До сих пор она всё пыталась говорить со мной, но, когда Юрка крикнул это, она сразу замолчала. Не обернулась на Рыжего, нет. Она просто замолчала, выпрямилась и высоко подняла голову. И так посмотрела на меня, словно ничего не было. Ни музыкальной школы, ни экзамена. И будто не трещала она, заговаривая со мной целый вечер.
Нинка посмотрела на меня, будто насквозь прожгла.
И тошно мне стало так!
На другой день, вернувшись из школы, я застал бабушку разрумянившейся. Она хлопотала у печки, в комнате вкусно пахло ржаным пирогом с картошкой внутри.
Бабушка моя была мастерица по части всякой выпечки, в хорошие годы, когда водилась мука, она всех удивляла неиссякаемым умением стряпать какие-то вкуснейшие коржики, пышки, пончики и пирожки.
Гремя противнями, сложив морщинки на переносице от важности производимого дела, взмахивая куриным крылышком, окунутым в масле, бабушка напоминала никак не меньше сталевара, выдающего плавку, где с горячим металлом не шути — обожжёт или переварится. В такие минуты она была сердита, сосредоточенна, и тут уж лучше было к ней не подступаться.
Из всех своих произведений больше всего любила бабушка печь пирог, какой угодно, на усмотрение и на требование — хоть с морковью, с картошкой, хоть с нежнейшей рыбой или мясным фаршем, заправленным как следует лучком, с совершенно особой, тающей во рту поджаристой верхней корочкой.

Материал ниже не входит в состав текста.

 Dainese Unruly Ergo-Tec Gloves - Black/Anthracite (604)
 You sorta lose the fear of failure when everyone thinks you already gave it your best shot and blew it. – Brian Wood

Пирог был для бабушки высшей точкой её вдохновения, как, скажем, контрапункт[2] для композитора. Перед праздником либо перед другим каким ожидавшимся событием бабушка сначала начинала охать и волноваться, и, когда волнение достигало накала, она упрекала себя: «Что же это я!» — и начинала собирать на пирог.
В то время, о котором я пишу, пирогов с тающей верхней корочкой бабушке печь не приходилось, но она не унывала: доставала в обмен на довоенные жакеты или стоптанные туфли ржаной мучицы, но себе не изменяла. Ведь не может же композитор перестать сочинять музыку! Даже в самое трудное время.
Когда я вошёл, бабушка стряпать уже заканчивала, строгость сошла с её лица: она улыбнулась и сразу заторопила меня, чтоб я собирался в музыкальную школу за результатом.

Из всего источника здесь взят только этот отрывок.